> [Brief]
Look in the data below for the line that has "esp. grateful for", then print exactly every line from there through the line that has "I&rsquo;m blessed to", leaving pictures out.

> [Stored data]

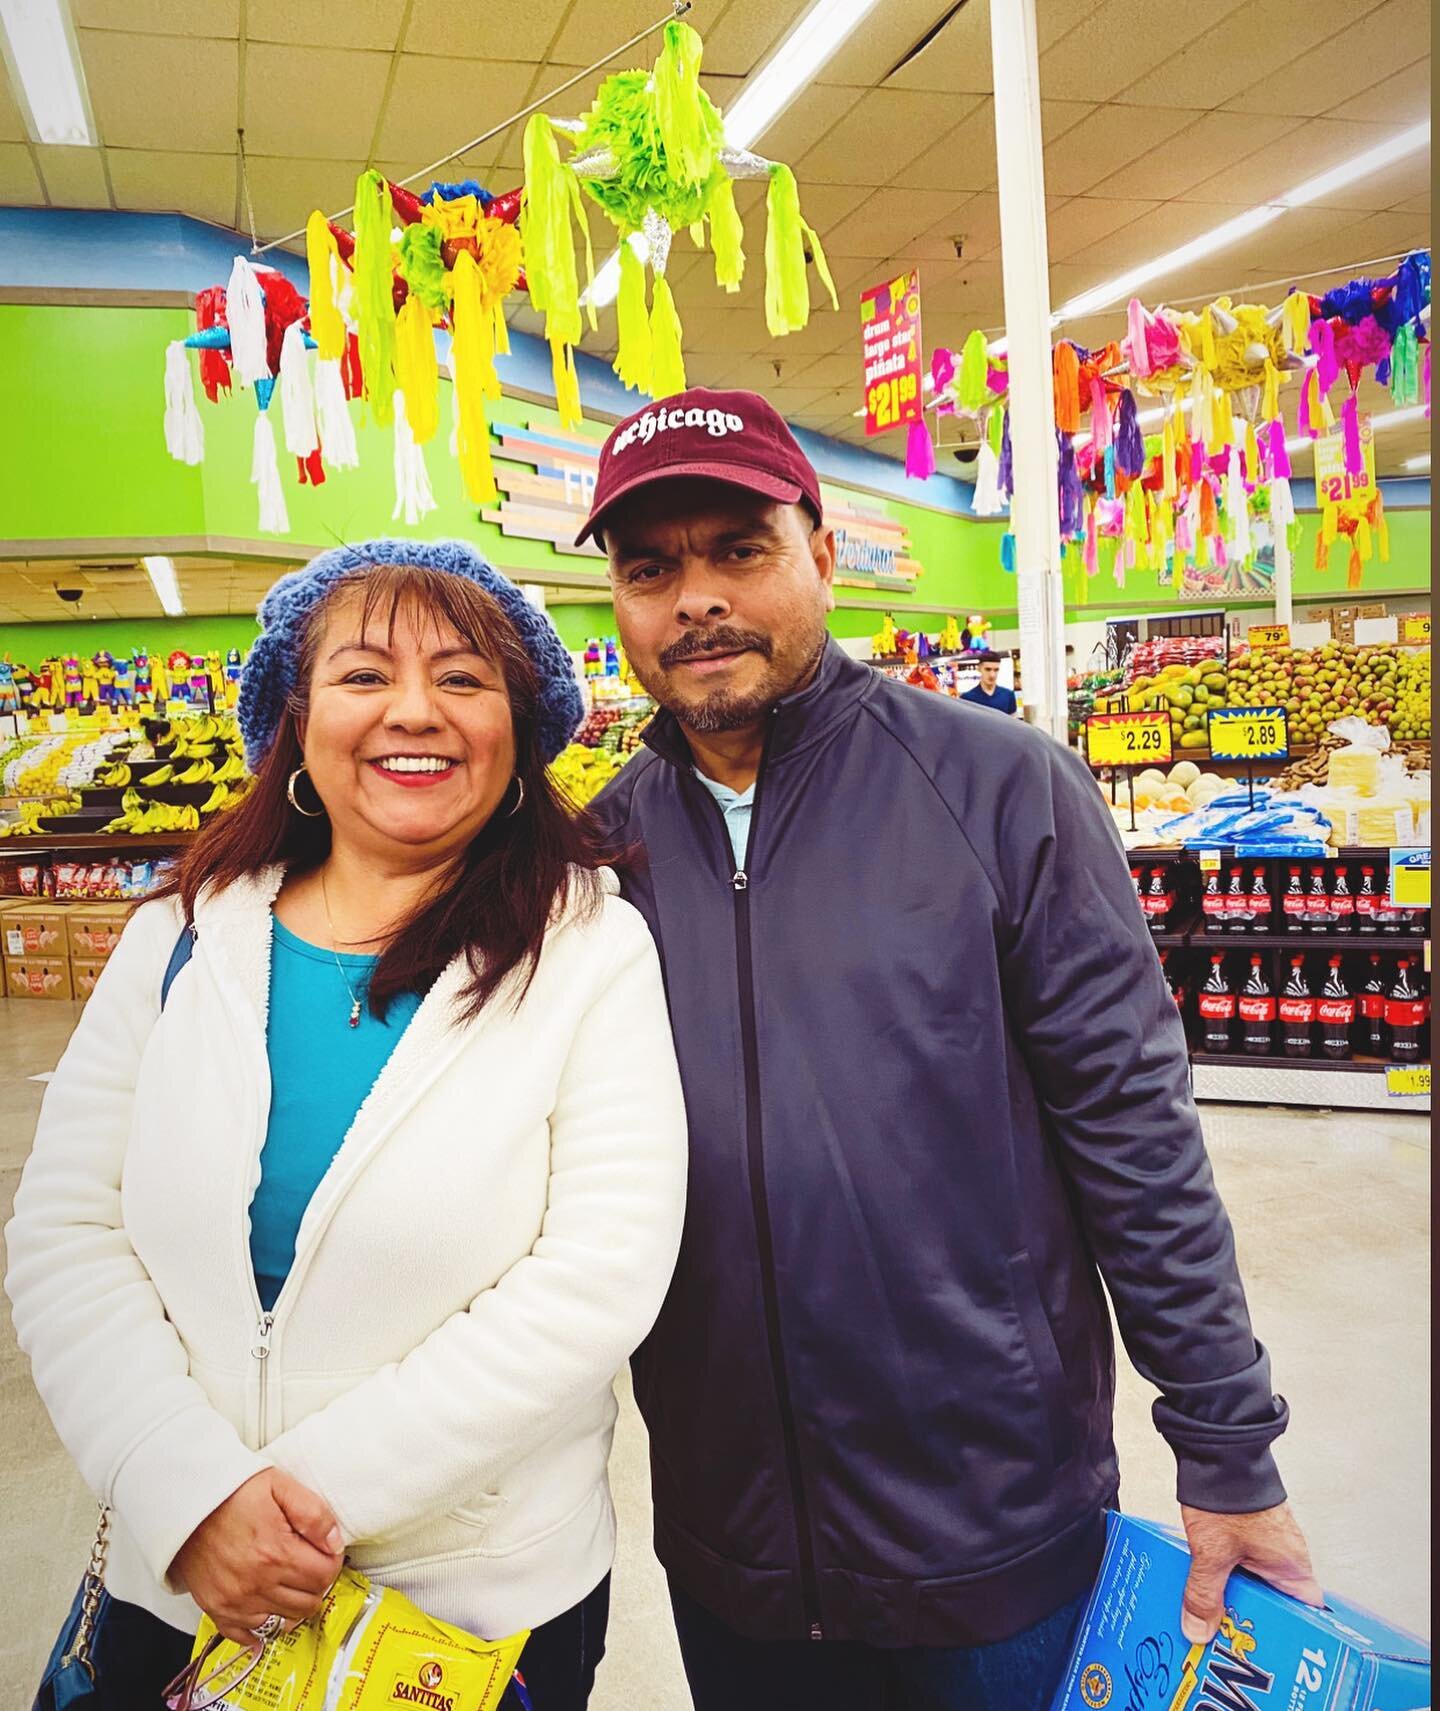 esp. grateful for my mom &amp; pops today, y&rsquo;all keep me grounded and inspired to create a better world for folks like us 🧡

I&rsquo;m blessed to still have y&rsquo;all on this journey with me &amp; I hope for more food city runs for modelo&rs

...

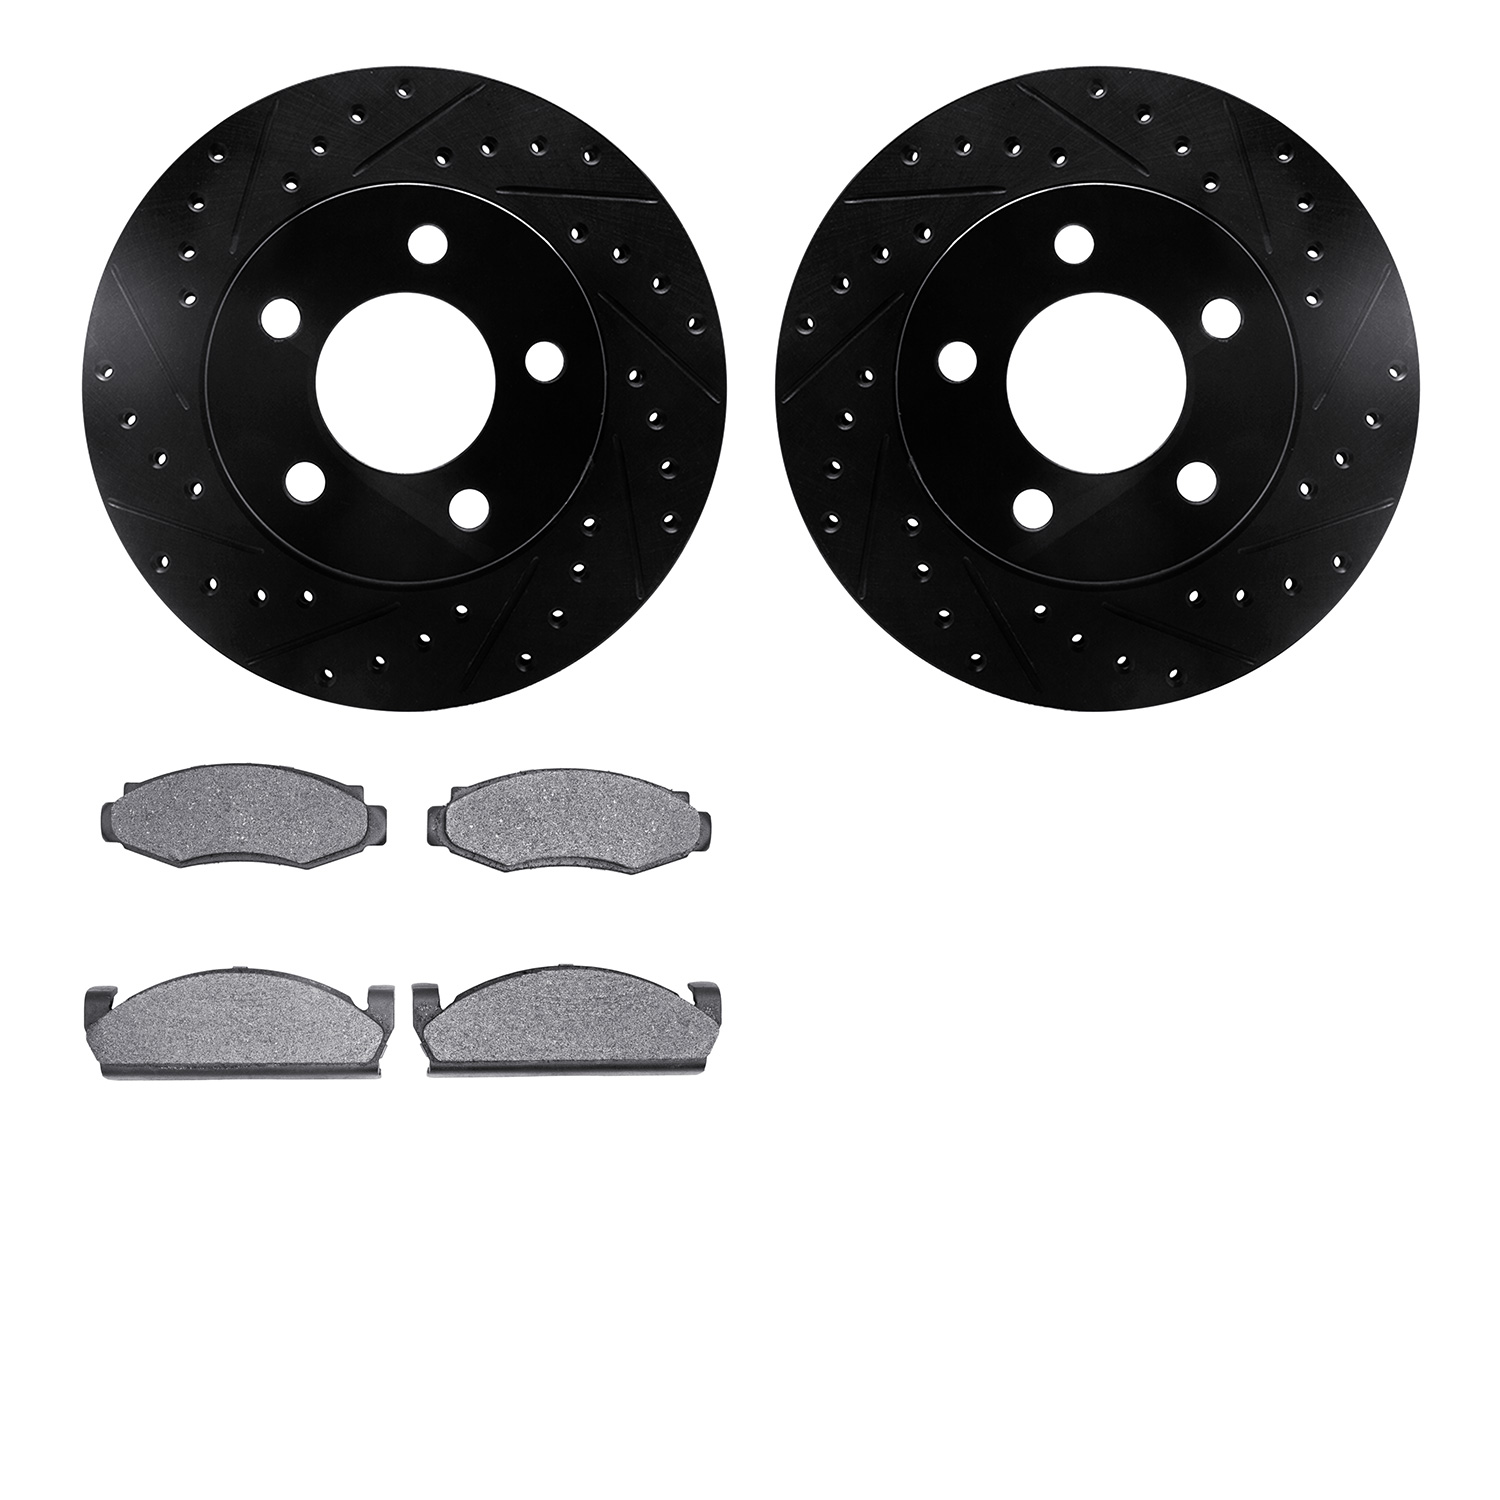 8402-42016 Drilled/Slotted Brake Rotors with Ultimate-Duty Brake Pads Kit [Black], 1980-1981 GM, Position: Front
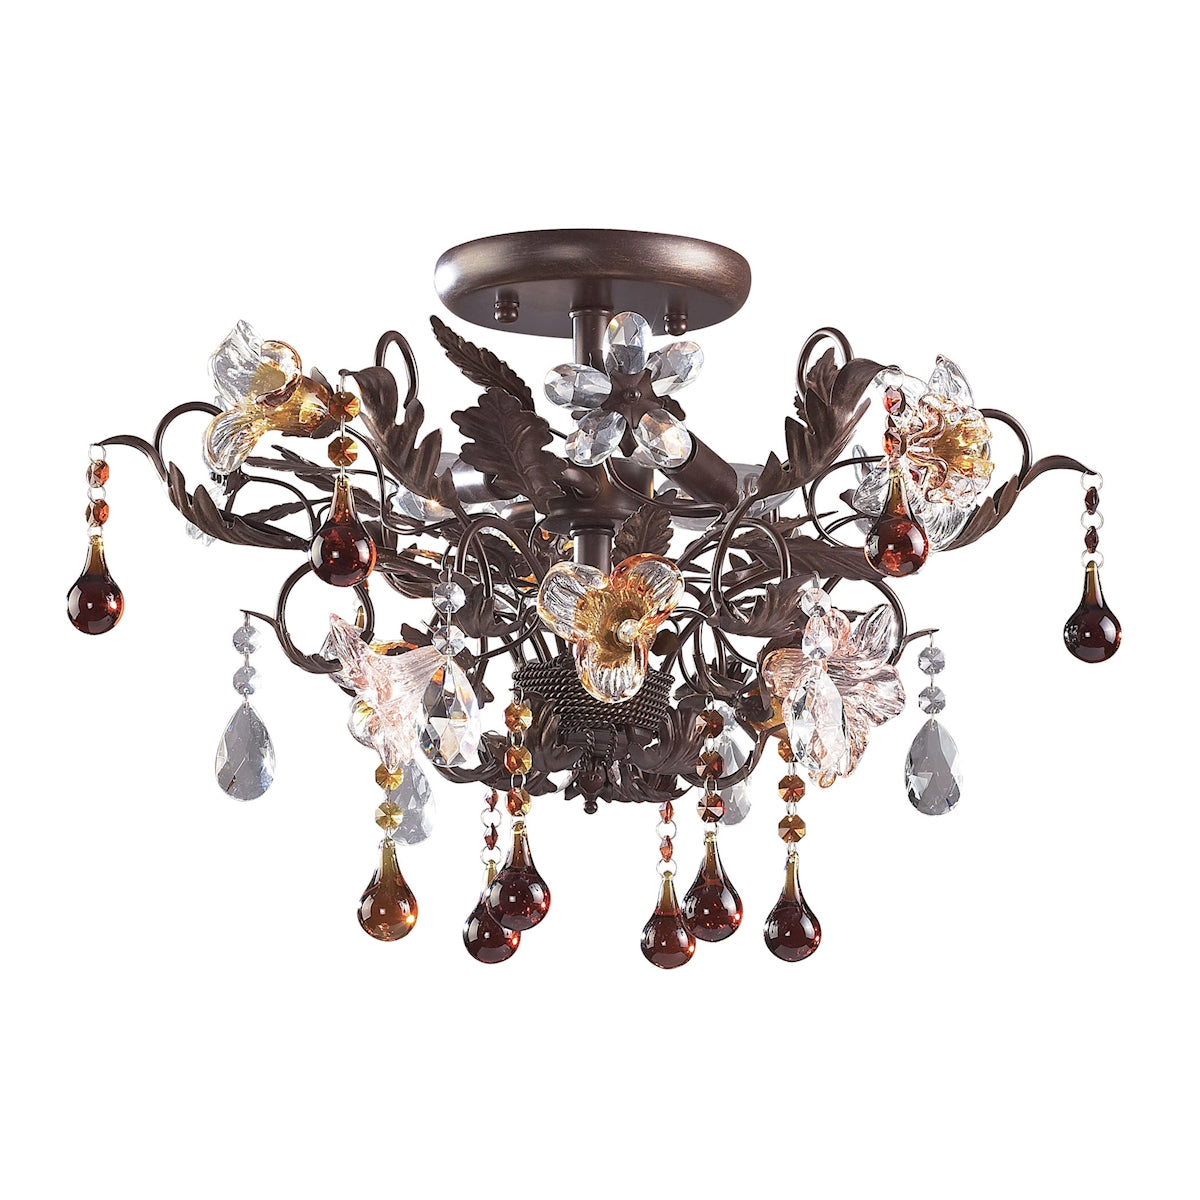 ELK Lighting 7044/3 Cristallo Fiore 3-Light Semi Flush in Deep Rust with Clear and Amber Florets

> [Task solution]
 esp. grateful for my mom &amp; pops today, y&rsquo;all keep me grounded and inspired to create a better world for folks like us 🧡

I&rsquo;m blessed to still have y&rsquo;all on this journey with me &amp; I hope for more food city runs for modelo&rs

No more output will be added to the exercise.